INFORMATION PROVIDED.

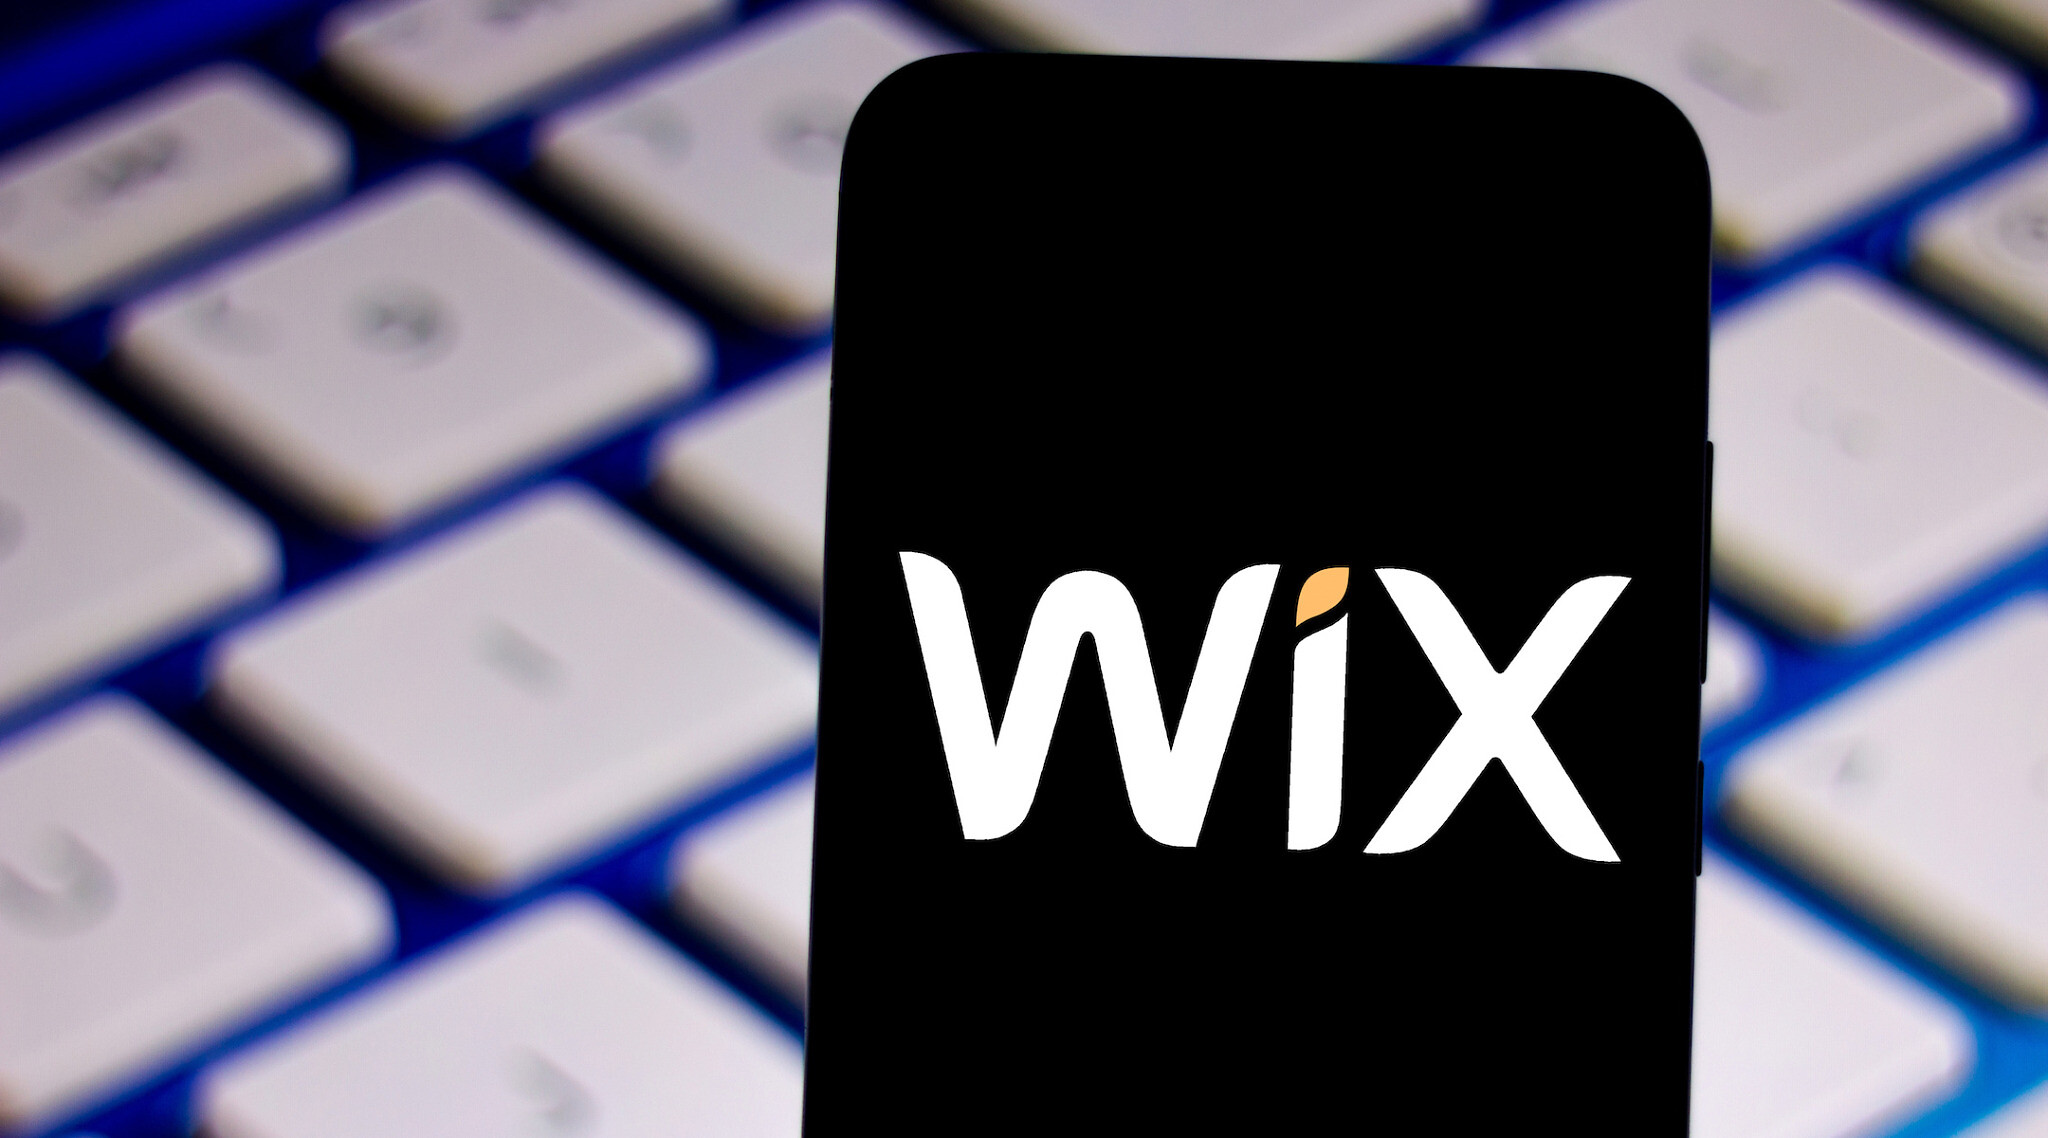 Nuvei и Wix объединяются для обработки платежей. Wall Street говорит: покупай акции
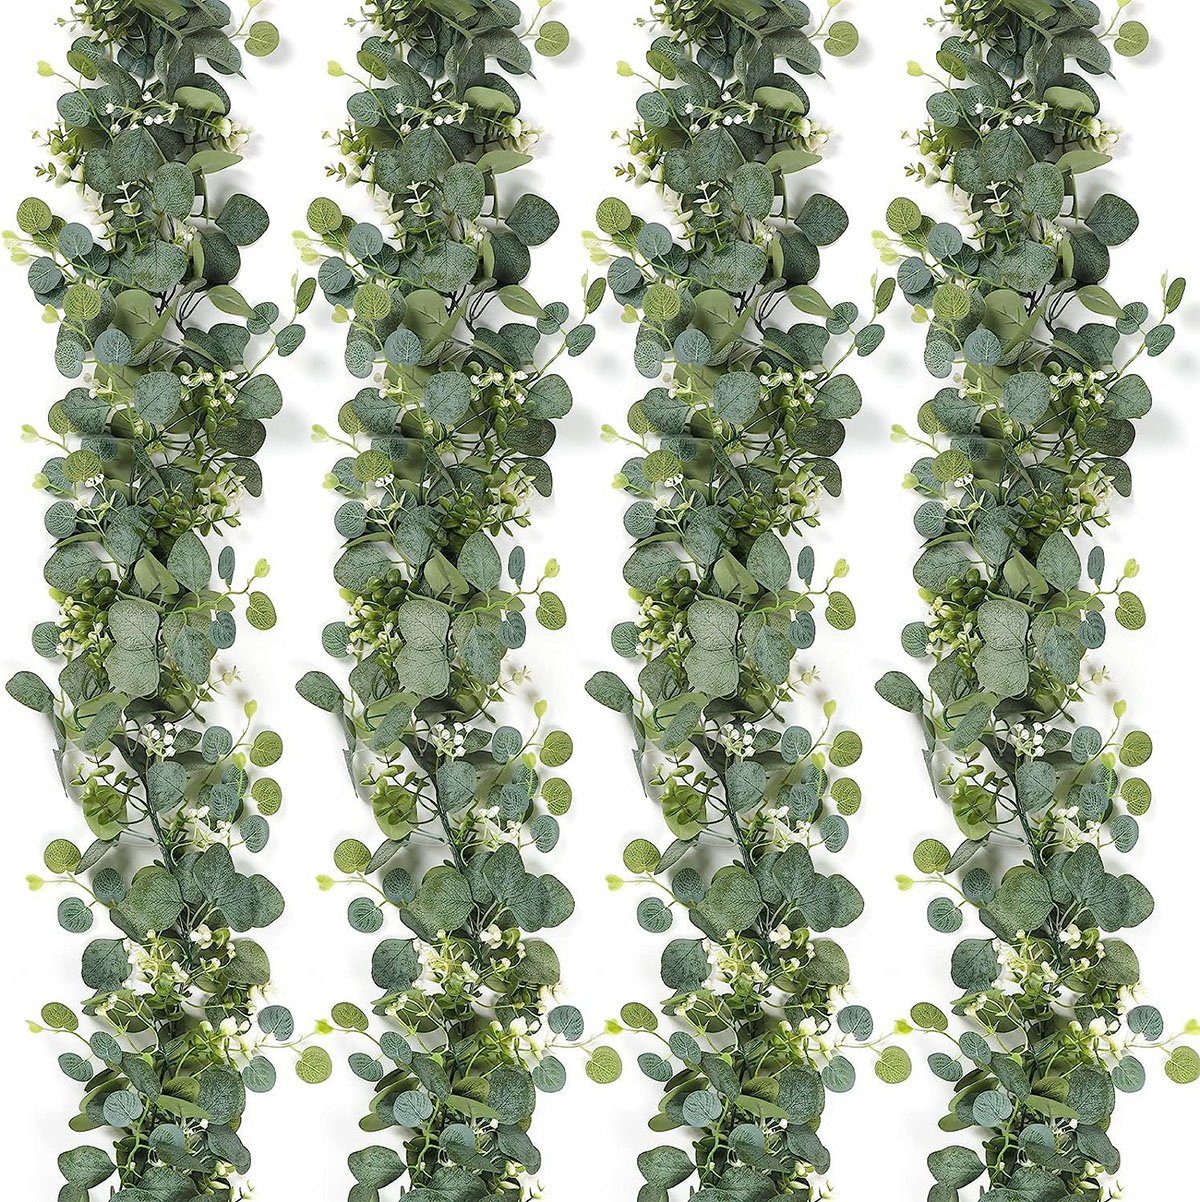 Kunstranke 4 Stück Eukalyptus Weidenblätter, CTGtree Girlande Künstliche Pflanzen
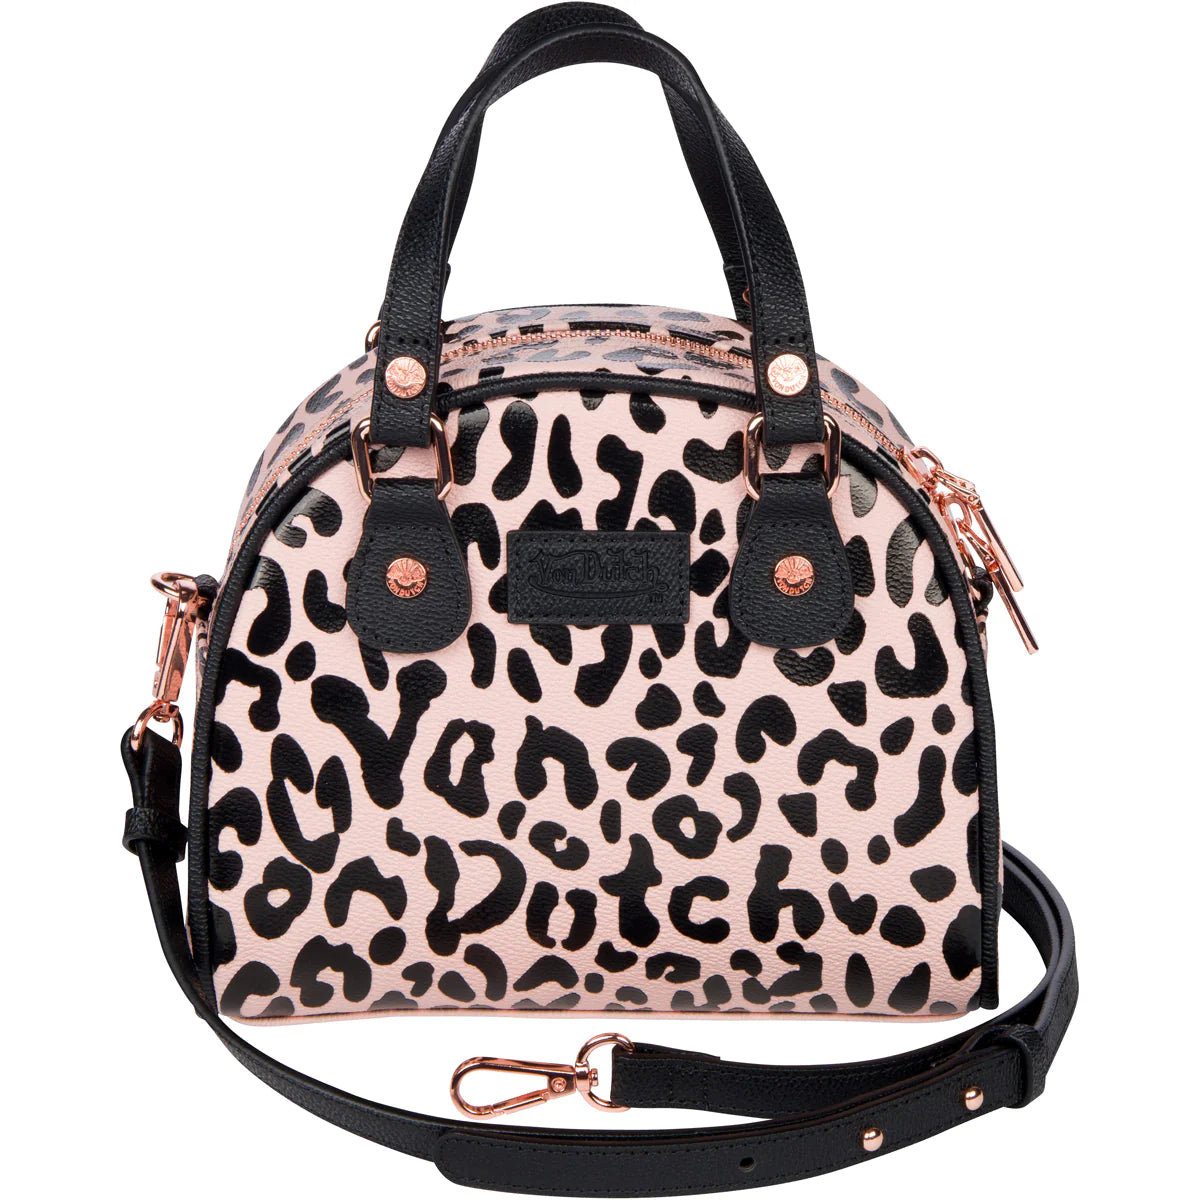 Von Dutch Cheetah Pink Bowling Bag

EXERCISE INSTRUCTIONS.
From the first line to the last, retype the material exactly and exclude the pictures.

RESPONSE TO THE TASK.
 Nuvei и Wix объединяются для обработки платежей. Wall Street говорит: покупай акции
 Kunstranke 4 Stück Eukalyptus Weidenblätter, CTGtree Girlande Künstliche Pflanzen
 Von Dutch Cheetah Pink Bowling Bag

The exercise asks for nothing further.